Are these levels ok?

  • We are currently upgrading MFK. thanks! -neo
Pufferpunk;4624331; said:
Almost none of nitrifying bacteria lives in the water column. It lives on surfaces--mostly on the substrate & filter media but also on the glass & decor. Doing 90% water changes all day long, won't hurt the cycling process AT ALL. The most important thing right now, is to prevent these fish from being poisoned from their own waste.

What about J-P's idea of adding another established filter on there? That would add a ton of nitrifying bacteria to help out with the bioload.

Underlined part is correct. However, the rest is not. Doing large water changes disrupts the chemistry in the water, and prohibits the bacteria from growing as fast as possible.
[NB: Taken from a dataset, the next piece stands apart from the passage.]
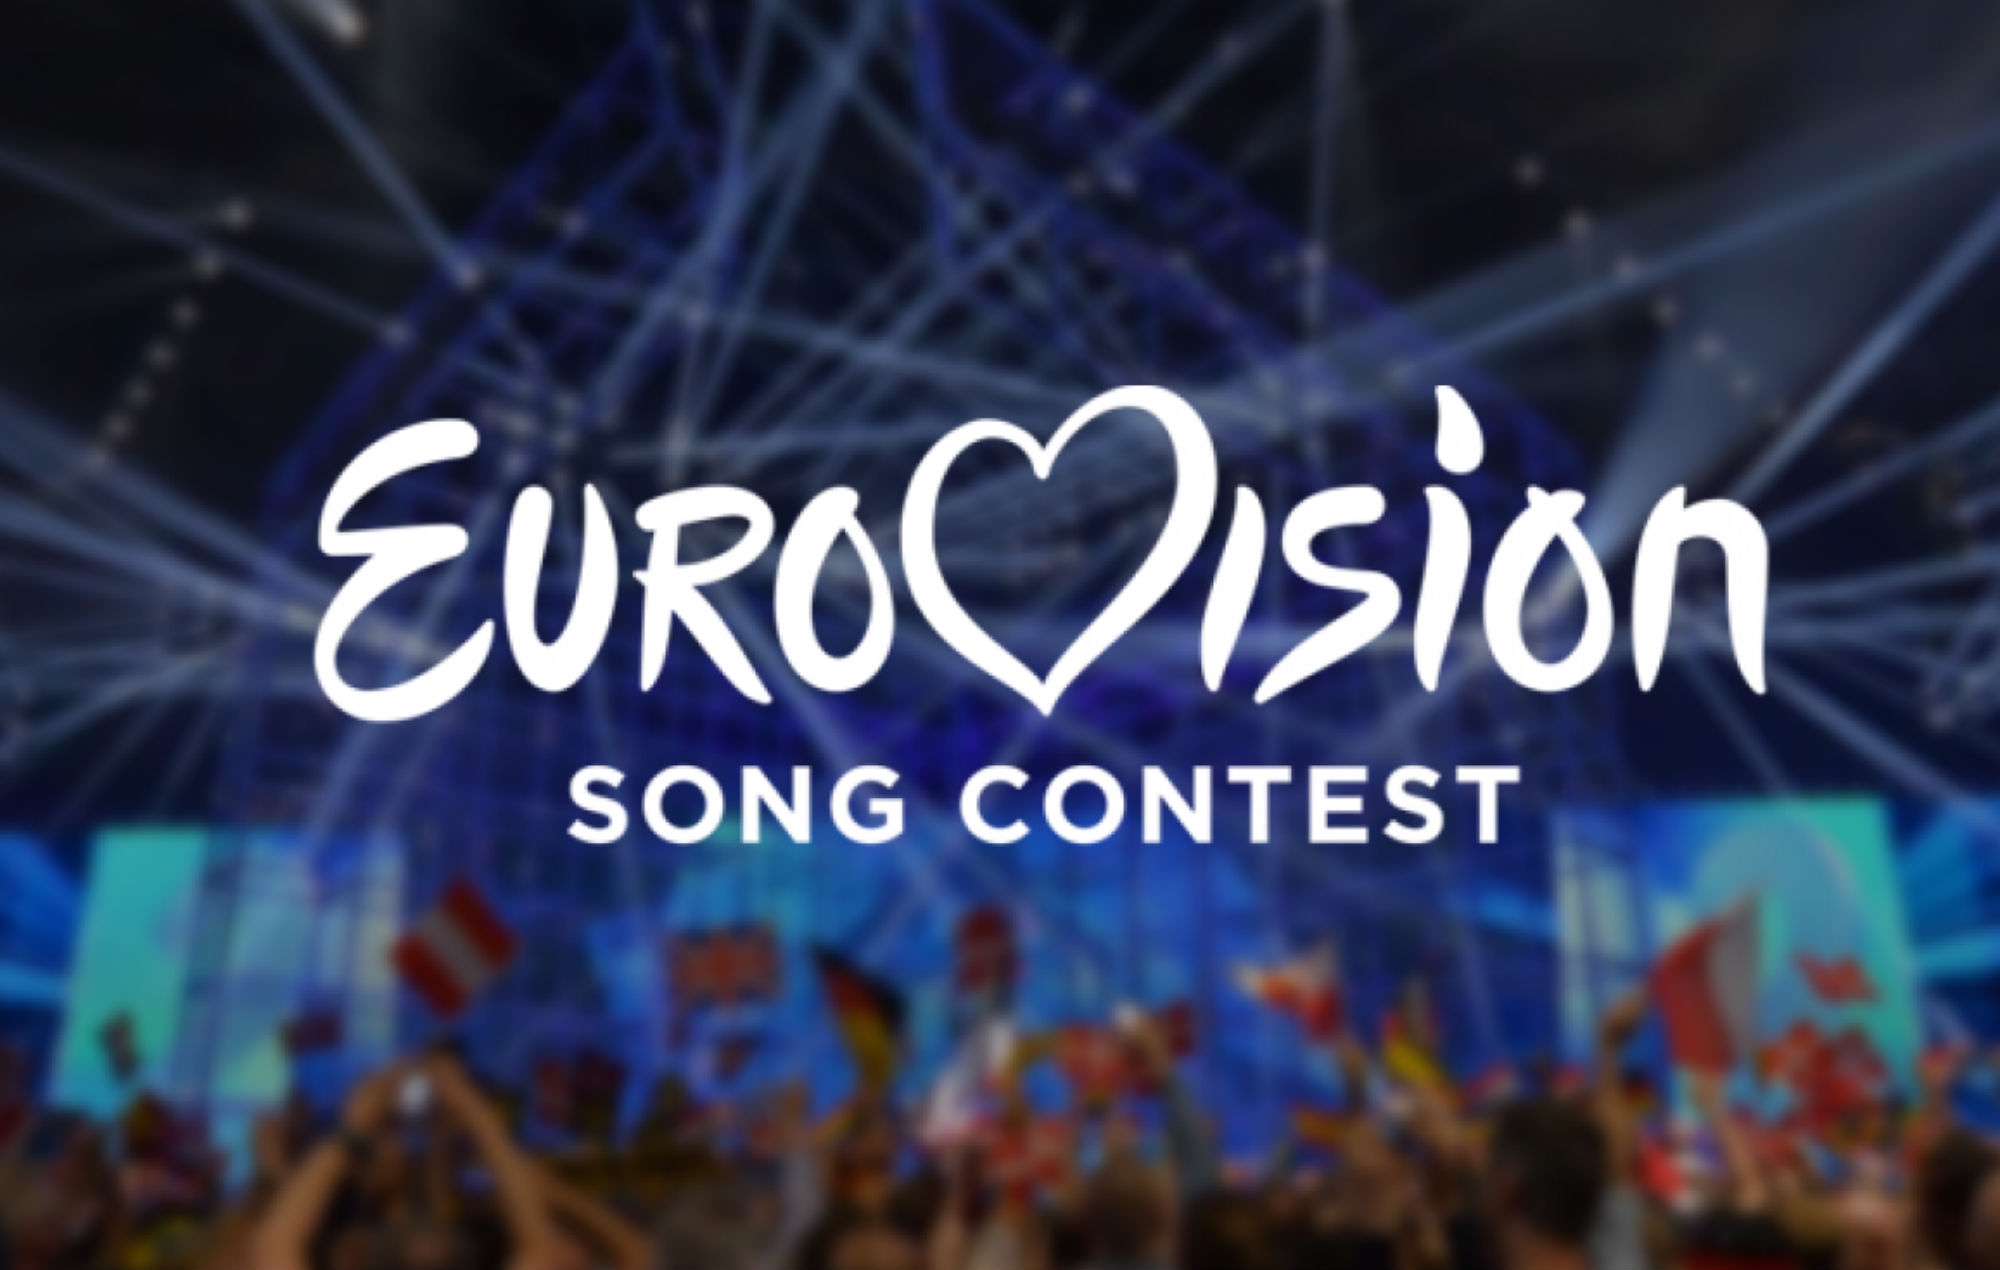 Eurovision: Ποιο διάσημο μουσικό συγκρότημα των 90s και 00s θα εκπροσωπήσει το Βέλγιο;

Not to mention drastically (and daily) chaning that much water adds stress to the fish. Something you are trying to avoid.

These fish show no signs of stress from the current water chemsitry. Let the process happen.
 
Discus breeders do 100-200% daily water changes. Myself, I do 90% weekly on my discus tanks. Again I stress--the most important thing is not to leave these puffers living in a toilet bowl. How is the chemistry changed in any way, if you are constantly bringing the water back to the pristine parameters of tap water?
 
Have to agree with pufferpunk here. ammonia/nitrite(especially 10ppm) are very bad. Doing water changes during cycling does not slow the cycle process at all.
 
http://www.**************.com/forum/library/water-filtration/aquariummicrobespart1/
 
The self promoting of other website forums is a little overplayed.
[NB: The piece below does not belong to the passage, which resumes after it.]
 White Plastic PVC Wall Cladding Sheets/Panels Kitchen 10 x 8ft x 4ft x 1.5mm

The plain and simple fact is you don't want to do water changes to a cycling tank. It DOES have a negative impact, no matter what you guys/girls would like to say or link us to. It will draw it out longer, furthing the negative water chemistry we're trying to get these fish out of. I won't post a link to prove it, I'll tell you that from personal experience. Setting up new systems is part of my career and I'm very well versed in what does and doesn't work to get a tank (of any size) cycled.
 
I agree not to go overboard with water changes. When my brackish tank crashed and had to recycle, I was doing 50% WCs daily. I lost all of my indian glassfish and a dragon goby, but my moray eel, knight gobies and larger dragon goby survived.

When WCing the tank, if the tank is already brackish, match the salinity of the water to .001 if you can. If not, a large water tank will stress the fish and the bacteria. Salinity in a tank should not change by more than .001 in a day or else you will have significant bacteria losses. Bacteria are more sensitive to fluctuating salinities than fish.

Also, prime is your friend. When I used prime daily with water changes twice a day, it seemed to stop nitrite poisoning temporarily.

Good luck! PS. wait until ammonia and nitrite reach 0 before feeding muscle to the fish. I would just feed them the FD brine, and very lightly!
 
put an ad on craigslist asking for someone to help you out with some bb - cycled media and whatnot. Maybe someone out there in your area can help you out.
 
I'm done arguing with you goofs. That article was only linked to because the scientist who wrote it has 50+ years experience in this hobby & he knows what he's talking about. Those fish just can't sit in toxic water, waiting for the tank to cycle. It's overstocked & that just is never going to happen. I have a feeling the OP has gone on to a forum where she can get factual info about keeping puffers.
 
Pufferpunk;4625568; said:
I have a feeling the OP has gone on to a forum where she can get factual info about keeping puffers.

I did not see any information about pufferfish that was not accurate in this thread. However, it is a fact that without ammonia a tank will never cycle and that the only way that an uncycled tank is okay is if the OP has a flow-through system so there would be no need for BB.

To the OP. If the tank is not brackish yet (SG of less than 1.004), I suggest heading out to a LFS that uses sponge filters (many stores hide the sponge under the gravel you can tell it's a sponge filter from the uplift tube) and ask if they can squeeze the sponge in a bag for you so you can take that home. It will have beneficial bacteria in it and any knowledgeable employee will know that.
 
The tank has been running for over 2 months. It cannot establish enough bacteria to support the bioload of her overstocked tank. She cannot find any used media. Her best bet is to find a LFS to take those fish & stock the tank with more suitable inhabitants.